RBI can put restrictions on the compensation of the management, expansion of branches
and also on the distribution of dividends to ensure that the money is used in improving
the condition of the banks rather than distributing it among the owners and managers. It
may also put restriction on the borrowing from the interbank market and may restrict
entry of the banks into new lines of business. Restrictions may also be placed on the
credit given by the banks under the PCA to borrowers with low credit rating, but it
doesn’t imply complete ban on the lending activity of the PCA banks .In some rare cases
RBI may take an action to merge or shut down the banks if it is found suitable to improve
the financial situation of the banks.
The challenges and issues regarding the PCA Framework is that, it is such a serious
action that hits the reputation of the banks very hard. It results in reduction in consumer
confidence as well as in ratings of the bank. It raises questions on the management of the
bank and can lead to irrecoverable loss of market share. Central government is asking for
easing the lending norms while RBI is saying it is necessary to improve the situation. In
January 2019, three banks after improving their results were able to come out of the PCA
by showing positive results which are as follows: Bank of Maharashtra (BOM), Oriental
Bank of Commerce (OBOC) and Bank of India (BOI) and many stands in queue to come
out of this framework.
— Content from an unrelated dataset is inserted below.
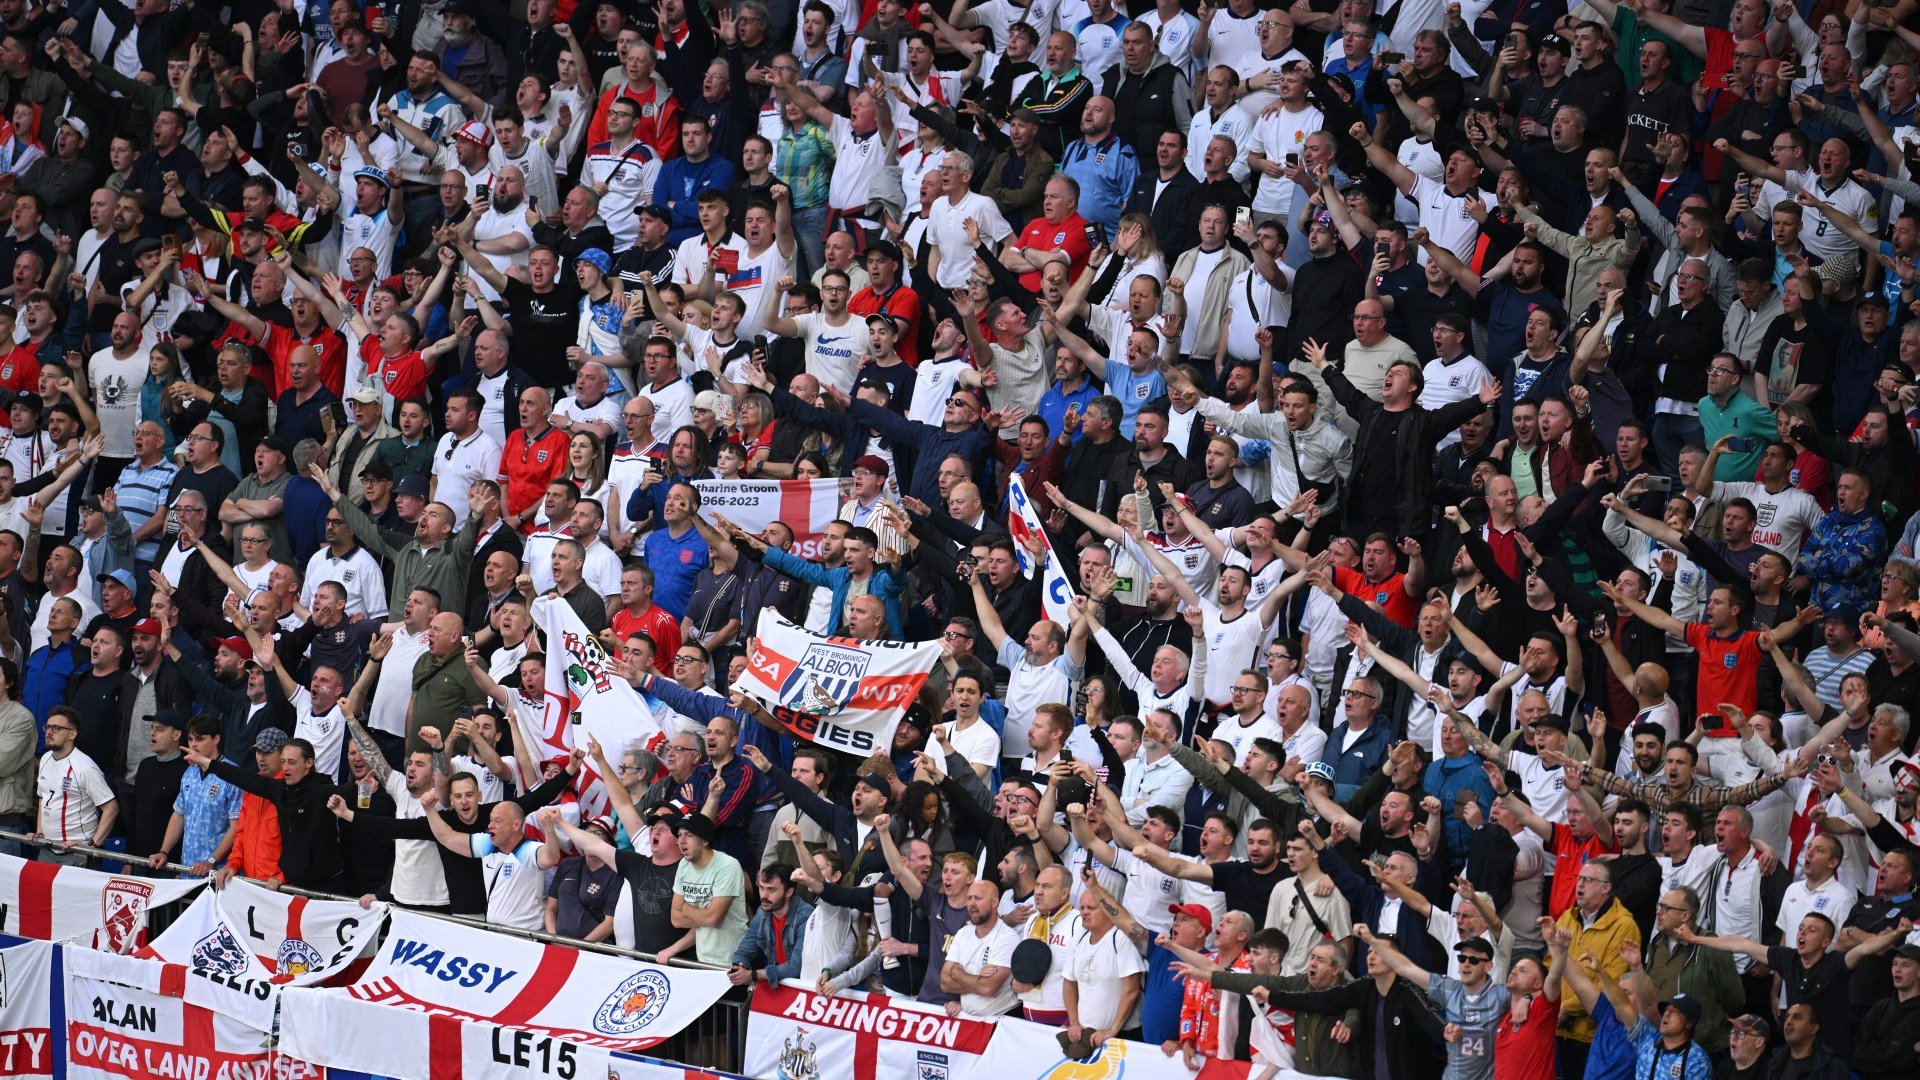 England handed UEFA punishment in response to fans booing Slovenia national anthem

RBI said that the Bank of India and the Bank of Maharashtra have
managed to maintain the capital adequacy and also was able to maintain recquired net
non performing asset ratio. But in case of Oriental Bank of Commerce the net bad loan
ratio was above the risk threshold set by the RBI, but government helped in bringing
down the ratio by infusing necessary capital. In December 2018, capital infusion of Rs
10,000 crore for Bank of India, Rs 5,500 crore for Oriental Bank of Commerce and Rs
4500 crore for Bank of Maharashtra helped the banks in exiting the PCA framework. But
the RBI didn’t considered return on assets as the banks would have to report losses for
2019 as well, thus, violating threshold of no losses for straight two years but RBI may
have felt that losses would reduce or the profits will be earned.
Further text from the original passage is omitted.